Set the listing down again exactly, please, apart from its pictures.

* [Data segment]
----------------------------------------
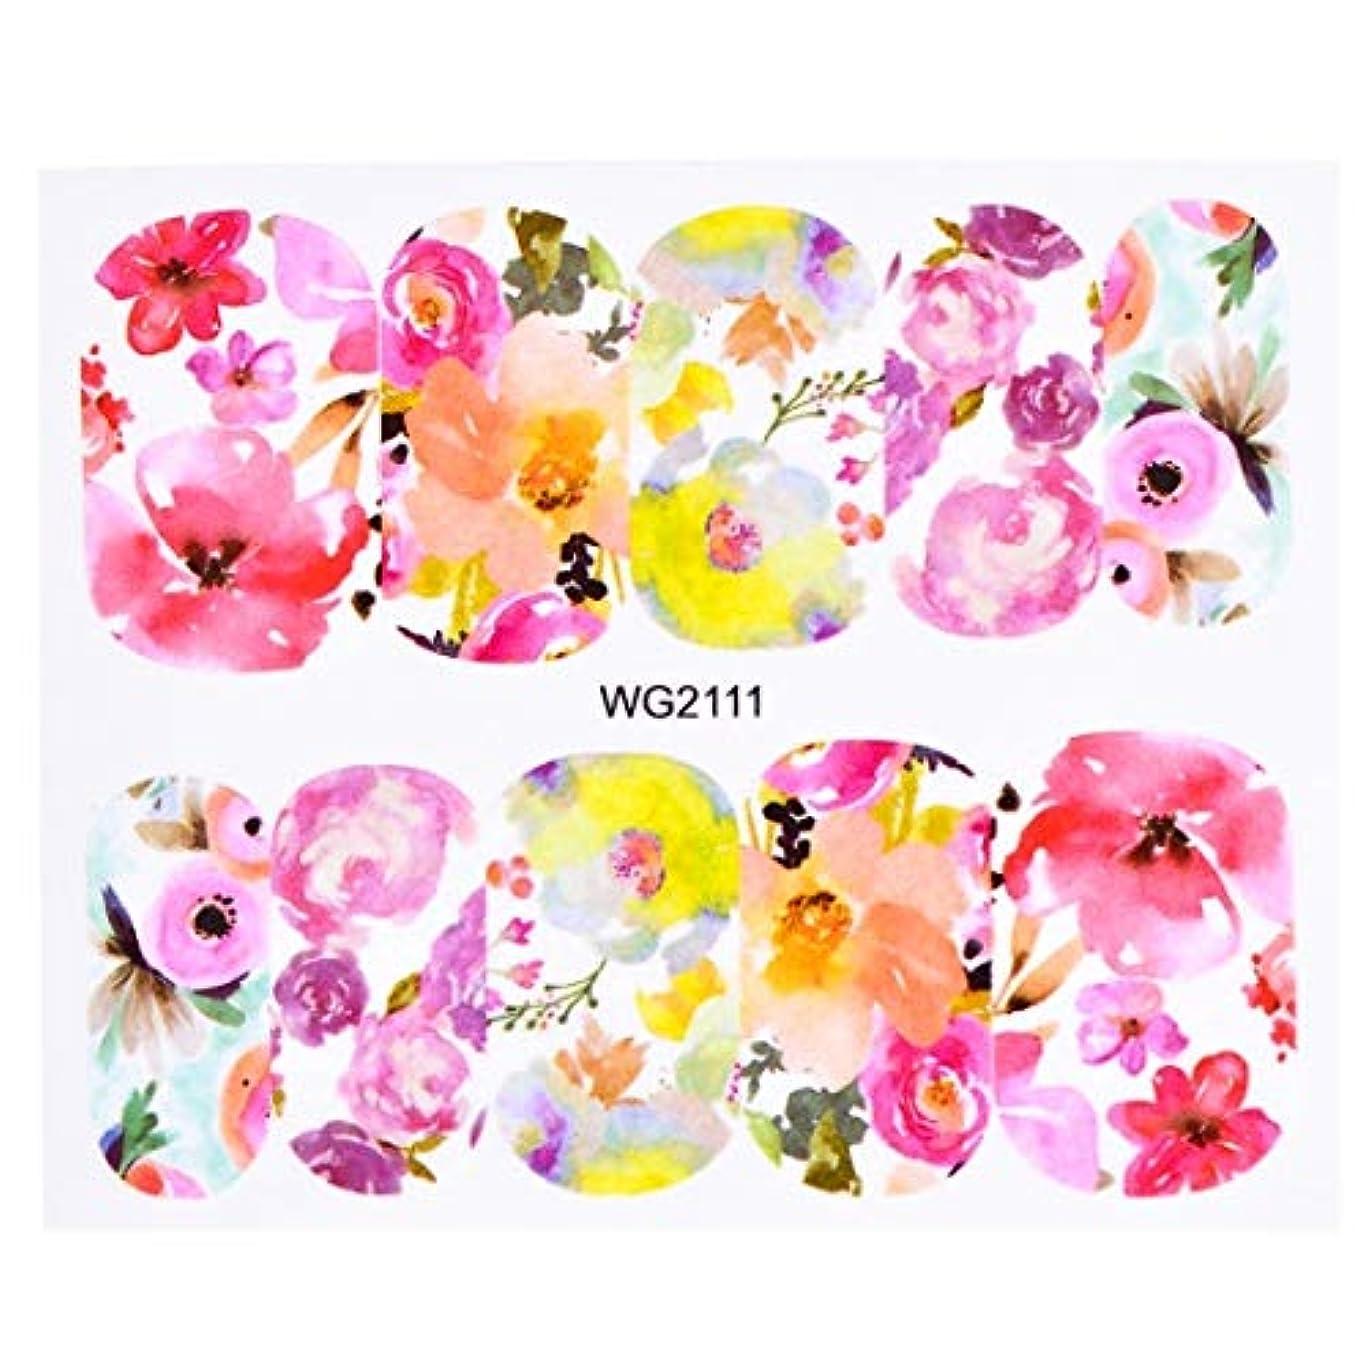 テラス風が強いうなずくビューティー&パーソナルケア 10個入りフラワーネイルアートデカール(WG2111) ステッカー&デカール (色 : WG2111)
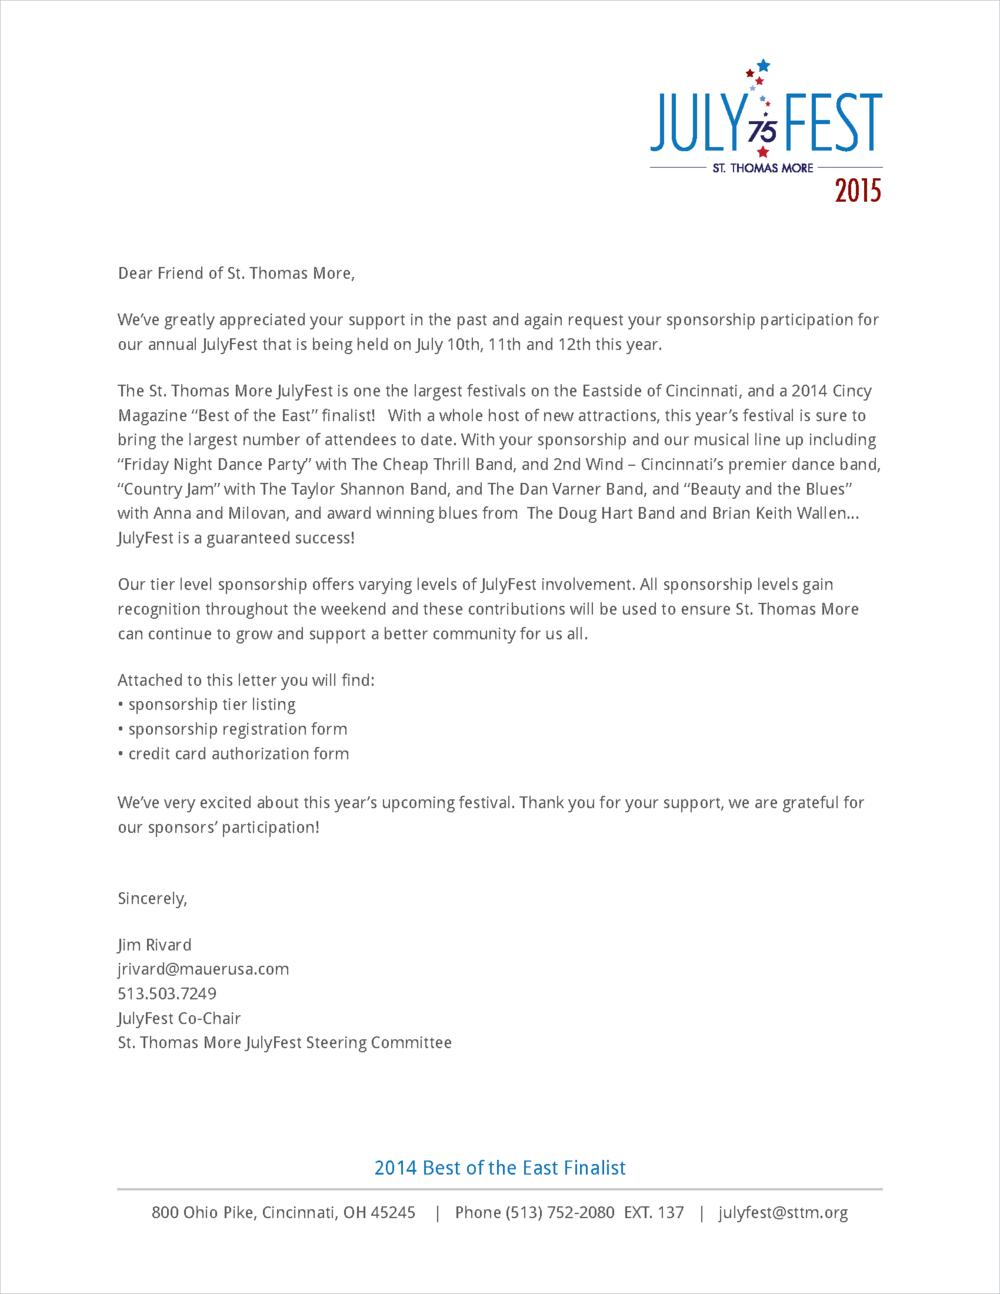 sponsorshipKit2015_FriendFA_Page_3.png
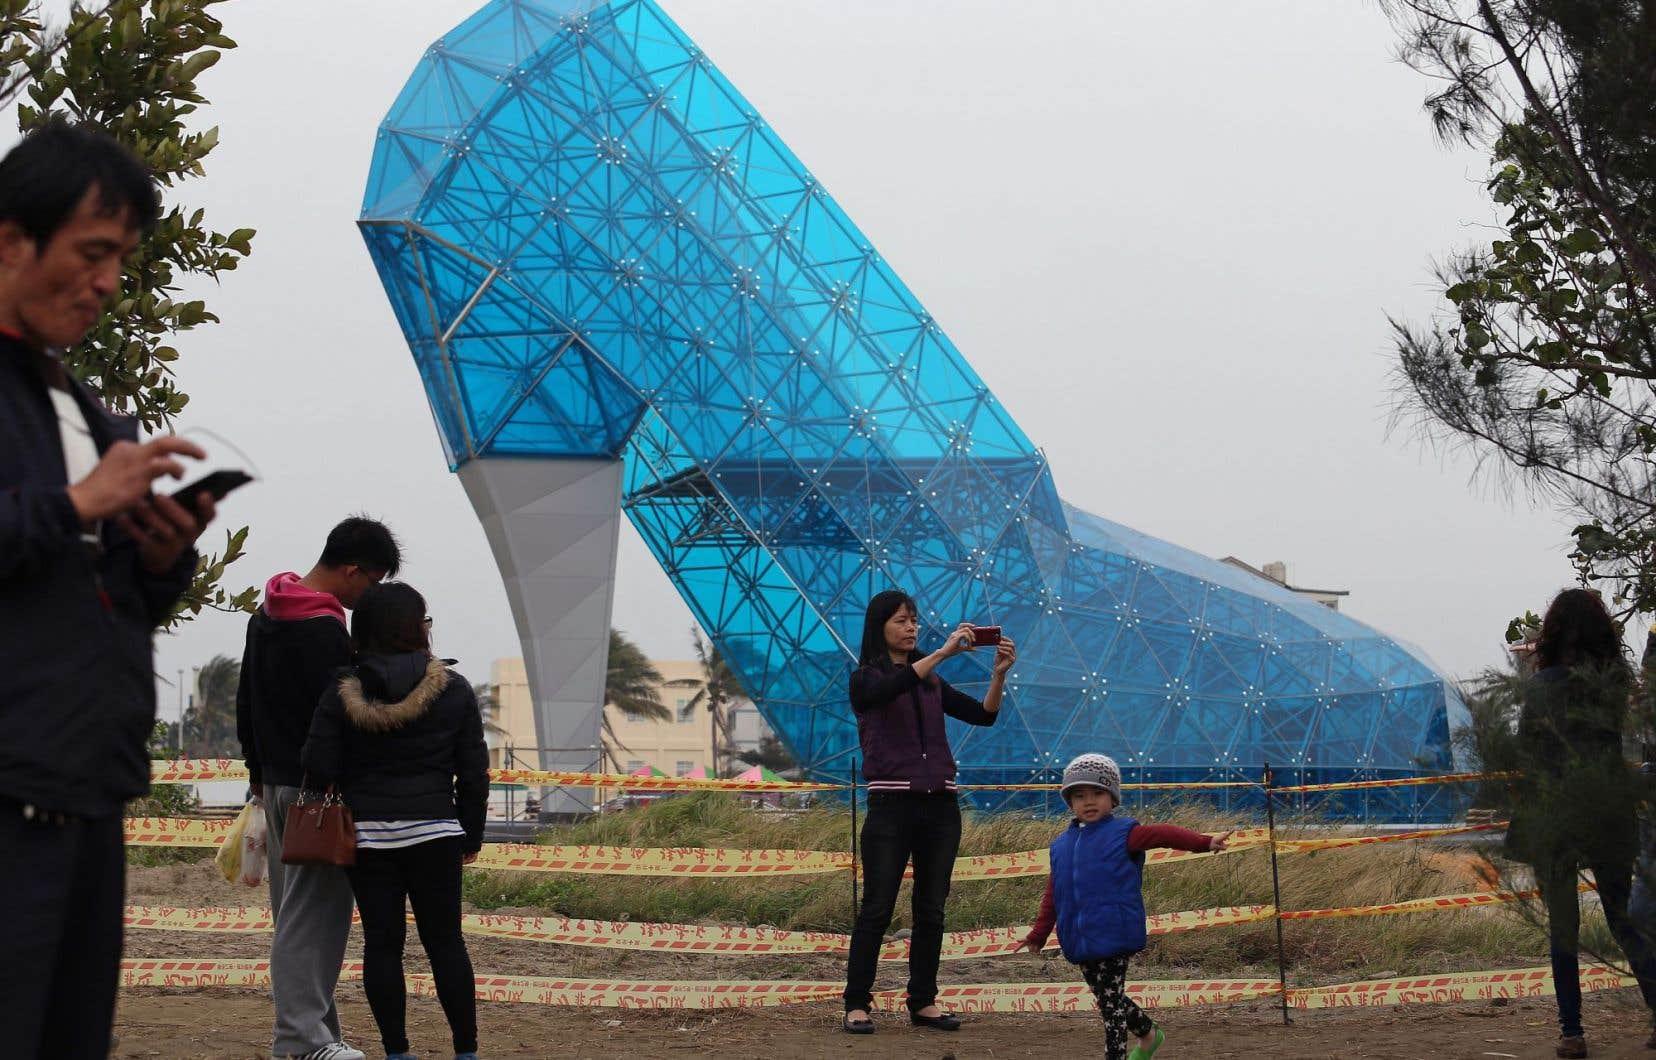 Des touristes devant une église en forme de... soulier, à Chiayi City. La «bâtisse» fait 55 pieds de hauteur sur 36 de largeur. Le public peut voir l'extérieur jusqu'à ce qu'elle soit officiellement ouverte en février2018, avant la Nouvelle Année lunaire.
----------------------------------------
* [Task response]
 テラス風が強いうなずくビューティー&パーソナルケア 10個入りフラワーネイルアートデカール(WG2111) ステッカー&デカール (色 : WG2111)
 sponsorshipKit2015_FriendFA_Page_3.png
 Des touristes devant une église en forme de... soulier, à Chiayi City. La «bâtisse» fait 55 pieds de hauteur sur 36 de largeur. Le public peut voir l'extérieur jusqu'à ce qu'elle soit officiellement ouverte en février2018, avant la Nouvelle Année lunaire.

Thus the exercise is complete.